The live stream video begins, and the carefully prepared speaker begins addressing an audience of thousands of viewers. The presentation is going smoothly until, just a few minutes into the opening keynote, the video freezes. Some viewers sound the alert in the chat window, others try checking their own connection. But many viewers have left: On average, one in five viewers will immediately stop watching a stream with poor video quality and never return.

Most of the time, common live streaming video mistakes—poor sound quality are easily avoided with careful advance work. Organizations new to streaming video should heed this advice. In the process of helping customers implement and manage streaming video, CeeLab have identified common mistakes that stand in the way of streaming events and their viewers.

Mistake No. 1: Forgetting to Confirm Adequate Bandwidth

Without enough bandwidth, streaming video may buffer continuously, causing viewers to drop off. Determining available bandwidth is a straightforward process if organizers control the venue, such as in-house meeting rooms. Ask the IT team if, given the expected audience and complexity of the stream, the network can handle the traffic.

If the event takes place at a venue organizers don’t control, such as a hotel, organizers will likely have to share the network, CeeLab say. In that case, provide detailed requirements to the venue’s IT team to be assured of dedicated bandwidth at the precise time of the live stream. Also make sure that upload speed is focused on. For broadcasting, upload speed is the important factor for a successful stream. Many variables come into play here, such as wired versus wireless connections. That said, a good rule of thumb is to aim for having twice the upload speed that intend to have your combined video and audio quality set at. So a combined bitrate of 2 Mbps would ideally have at least a 4 Mbps upload speed to support it.

Mistake No. 2: Ignoring Audio Quality

“Audio is just as important as video when you’re broadcasting, and something people forget to take into consideration,” CeeLab say. Attention tends to be focused on video quality, which is important—but if low-quality microphones are used, or speakers are too far away from mics, then the message is lost no matter how great the video looks.

“You can’t spend $5,000 on a video camera and then use a $20 microphone,” CeeLab says.

If video is somewhat poor quality but people can hear the live stream, CeeLab add, viewers will still get the message. However, if video is high quality but audio is poor, viewers don’t get the takeaways. CeeLab advice? Buy (and test) quality microphones, and make sure there are enough mics if the event has multiple speakers.

Mistake No. 3: Failing to Promote the Event

There’s no such thing as “If you build it, they will come” in streaming video. Events should be promoted early and often.

“If your event is on August 2, don’t start publicizing it on August 1,” CeeLab say. “Let people know well ahead of time, through email and social media, so you can build an audience.”

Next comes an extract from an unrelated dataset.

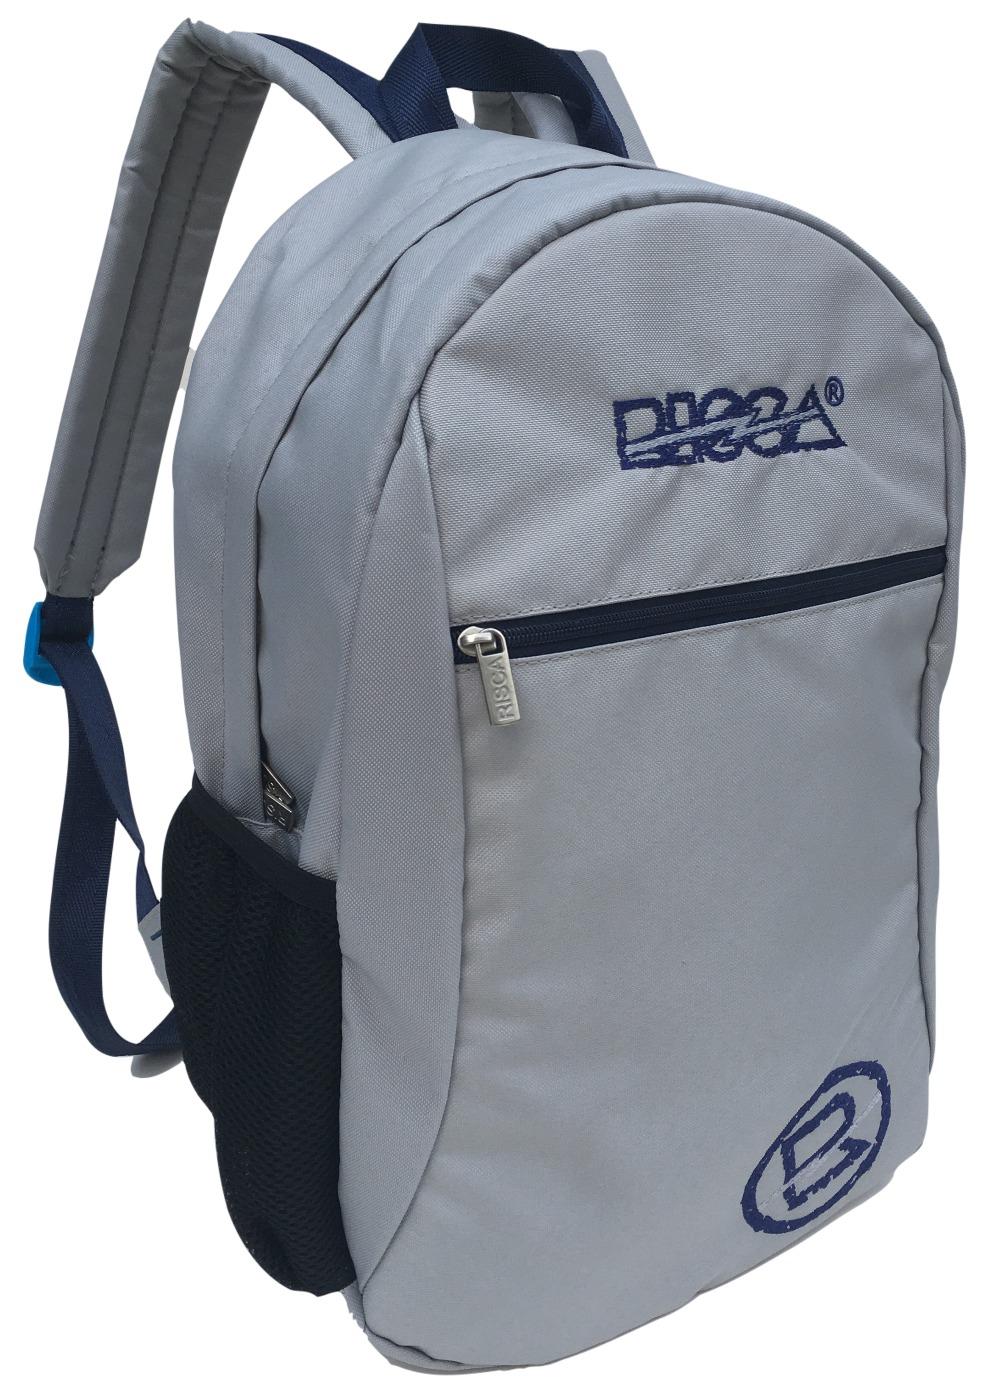 Mochila Risca 1169 - Cz Prata/Azul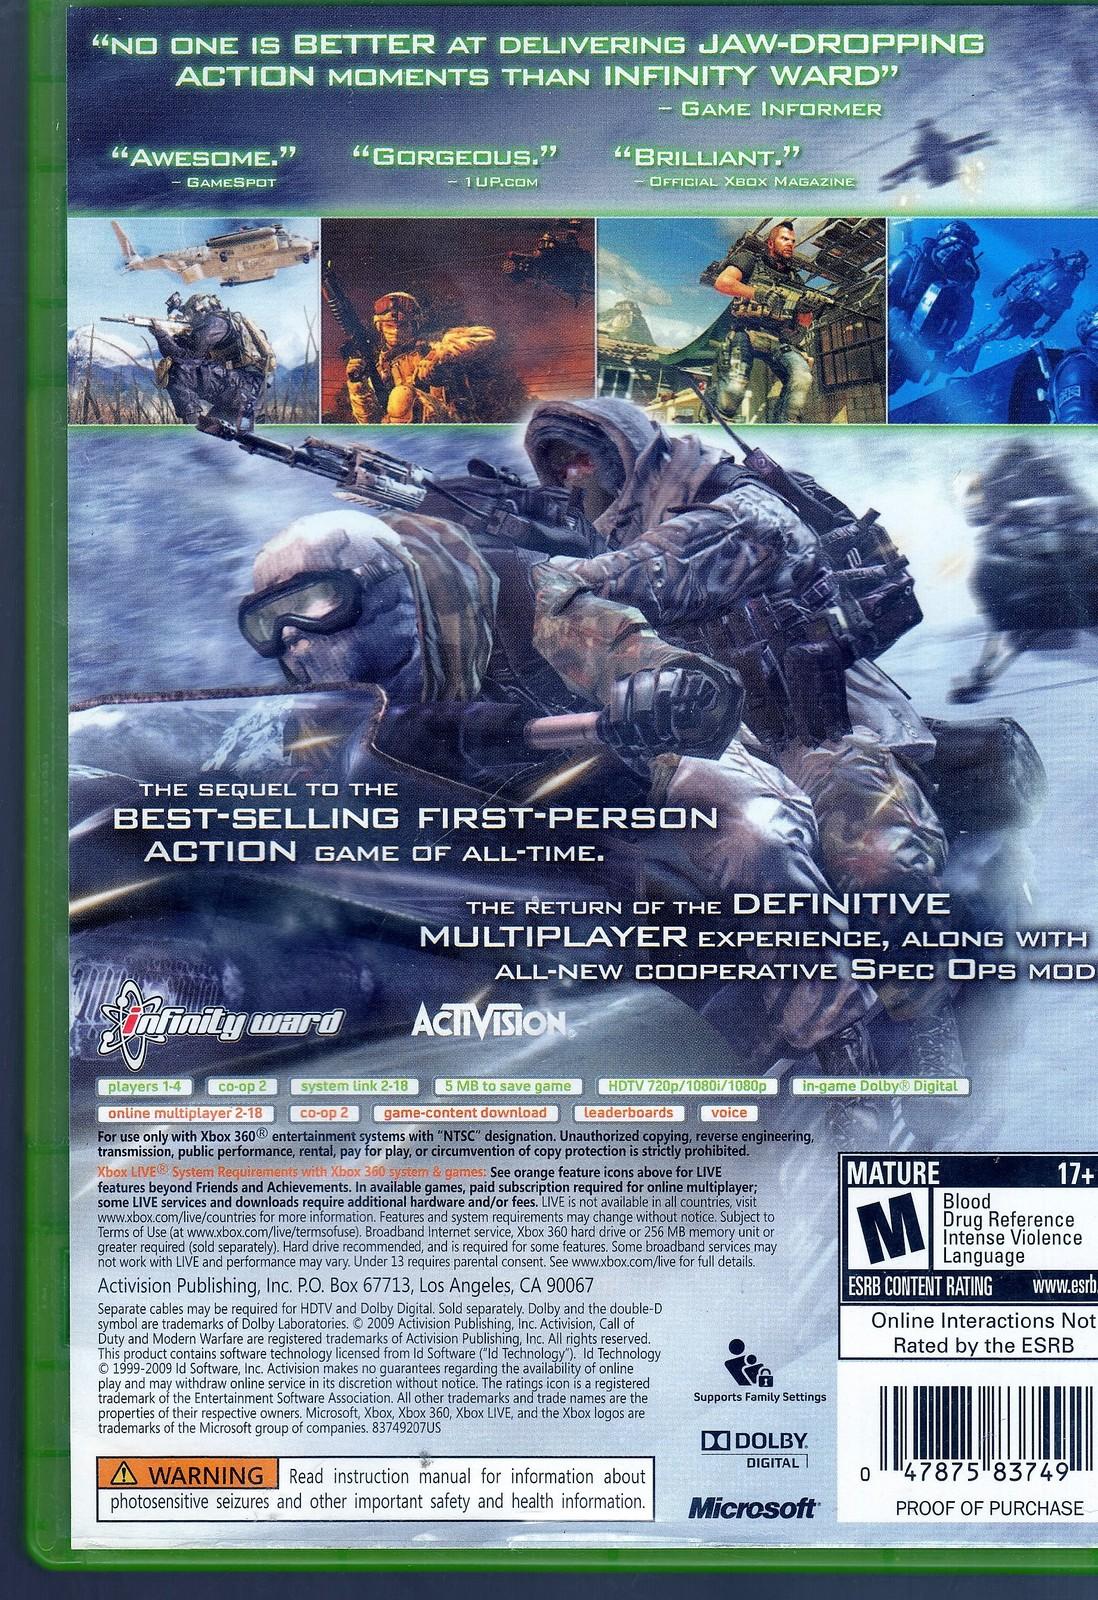 Game modern warfare 2 xbox 360 the sims 2 mobile game 320x240

When promoting the event, the focus should be on making it easy for attendees to join. For example, social media posts and emails should include links to add the event to calendars. In addition, event organizers can explore embedding live event video into social feeds, since viewers are more likely to attend an event if it’s watchable within the social networks they frequent.

Summary

It may seem simple to set up a camera and press “record,” but a successful live stream means getting the details right. Ensuring adequate bandwidth and prioritizing audio will improve the quality of the live stream—and make a good impression on viewers. And make sure to promote the live stream beforehand so that the audience knows to attend in the first place.